Had Mary felt the same looking down at the Christ child all those years ago? She had known her child was a miracle. She had spoken to angels and yet that first moment of looking at her baby, did she only see the miracle of a child she’d loved at his first quickening in her womb? Did all mothers feel the same? Each child a miracle after their trip through the valley of the shadow of death into a world of light and air. A world that might demand much from them.
As Mary surely hadn’t foreseen the path her son would have to travel, Heather could not know the future of this child she held. All she could hold onto was the moment.
Hope you enjoyed reading that. If you want to read more about Heather and Gideon, you can download the ebook versiona for the low price of 99 cents for a few days from Kobo. You can check other sites too, but before you download, doublecheck that you are getting the sale price. The Kobo special is only going to last for a few days. So, grab it quick and you can read about Heather and her baby and Gideon taking part in one of the last Civil War battles.
And again, Merry Christmas. Thank you so much for reading my stories and my words here. You all are the best.



Comments 10
Love the sound of this book Merry Christmas and Happy New Year
Author
Great, Sarah. Hope you’ll give it a read sometime. And thanks for the seasonal wishes.

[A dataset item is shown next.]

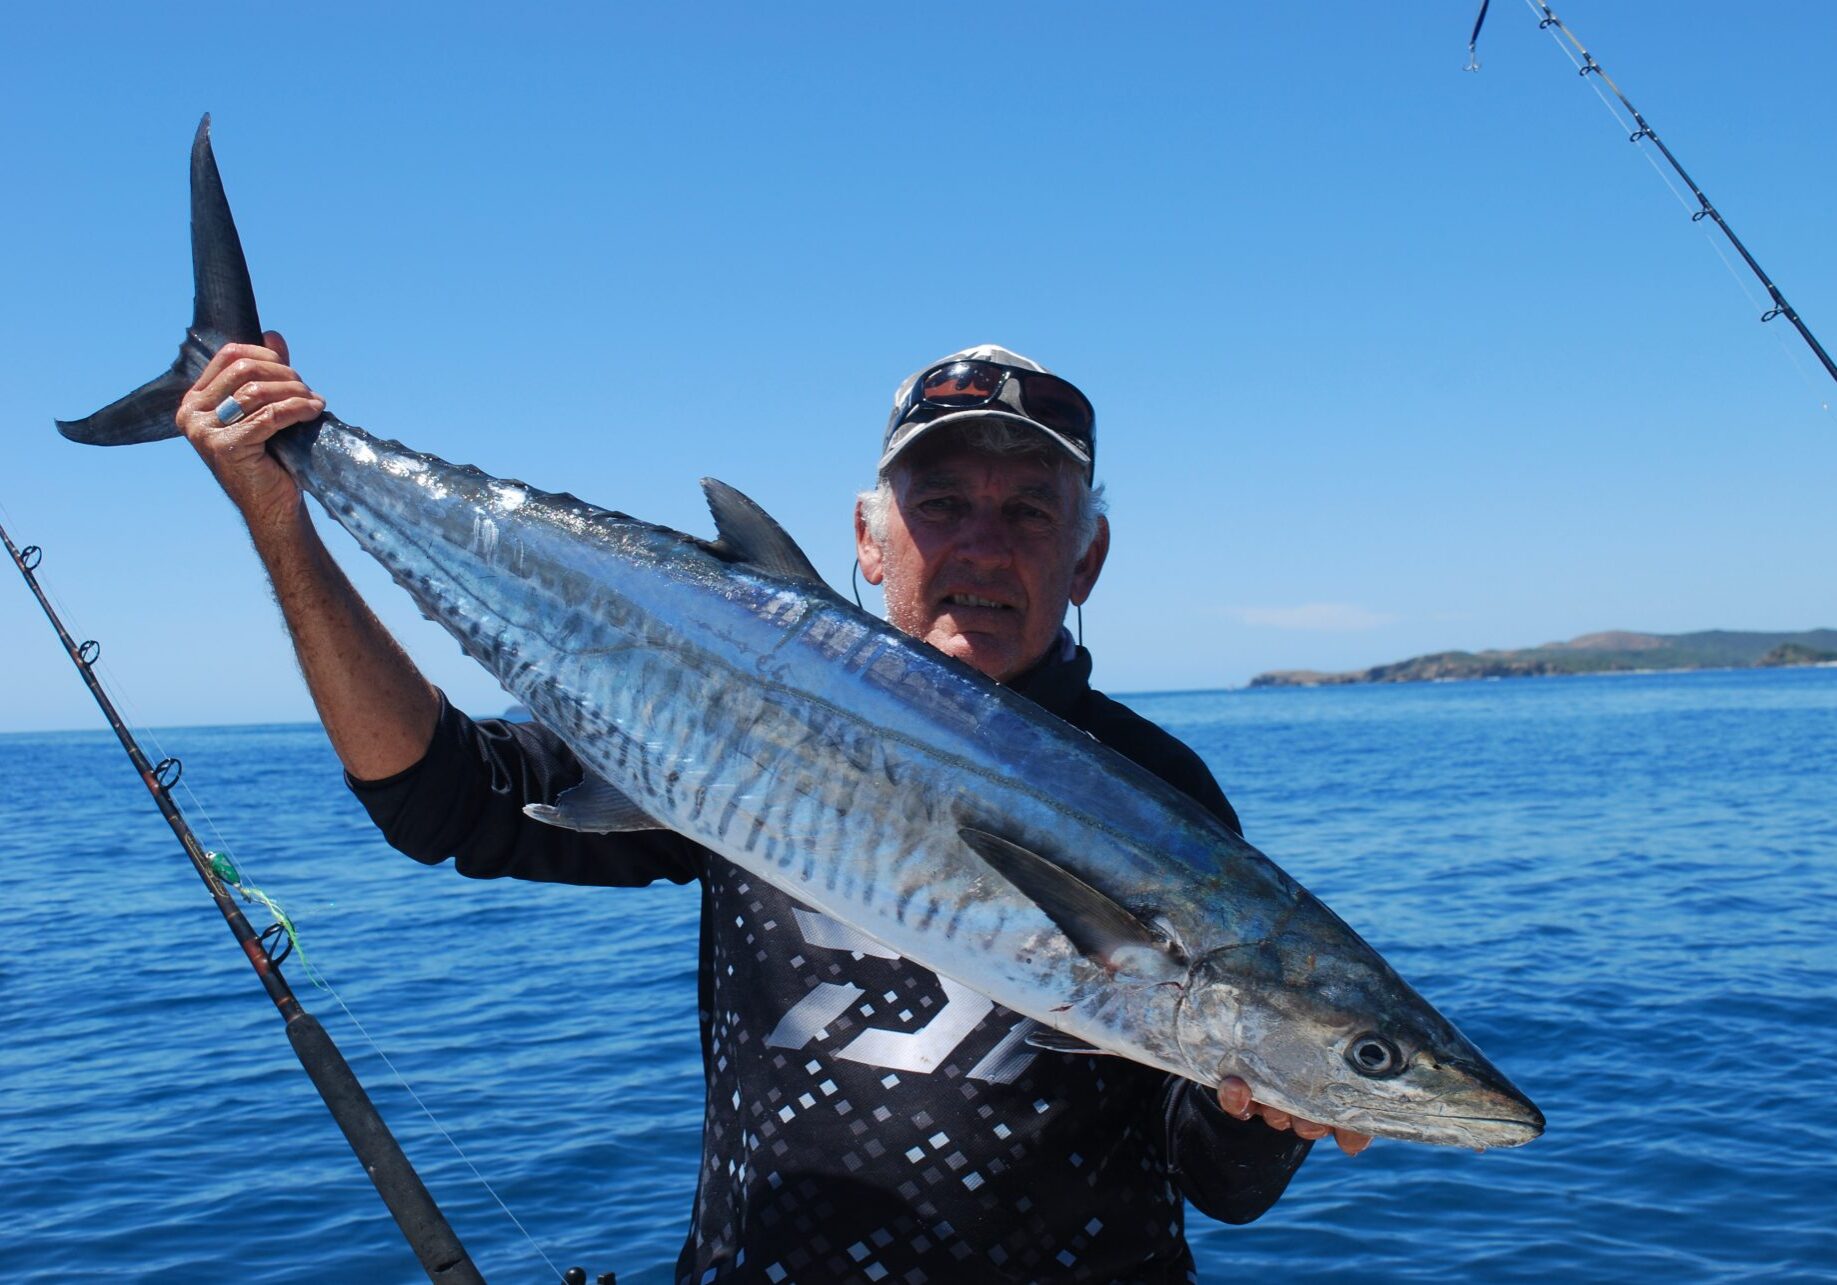 A beautifully conditioned 10kg Spanish from the Keppel island area. It pays to know the ideal tides, weather conditions, preferred baits, trolling depths and time of year for consistent catches.

I hope you had a blessed Christmas and that the New Year will bring many more blessings your way.
Must read more !
Author
Now that’s the kind of comment I like to read, Lora. Hope you do have a chance to read the rest of the story soon. The sale came and went in a flash of three days, but the ebook is pretty cheap even at the regular price.
Merry Christmas!!!!
Author
Merry Christmas a few days late to you too, Trudy. Wishing you joy in the New Year.
Thanks for sharing this, Ann. I read this book a few years ago, but this excerpt is definitely worth another read.
My Christmas Eve grandbabies turned 18 this year. They’re growing up far too fast. It seems like no time at all since I waited outside those hospital doors, waiting to hear those precious first cries.
I hope your Christmas has been a blessing this year, with many more in the New Year.
Author
You turn around twice and those grandbabies are graduating from high school or college, Lavon. But how wonderful to have such a blessed gift on Christmas Eve. Glad you enjoyed reading the excerpt and as always, thanks for reading my stories. I wish you many blessings coming your way in 2026.
Have a Blessed Christmas and New Year
Author
Thank you, Sharon. Christmas was good with most of my kids and grandkids and families here. I hope you had a good Christmas too and that you will have a 2026 overflowing with blessings.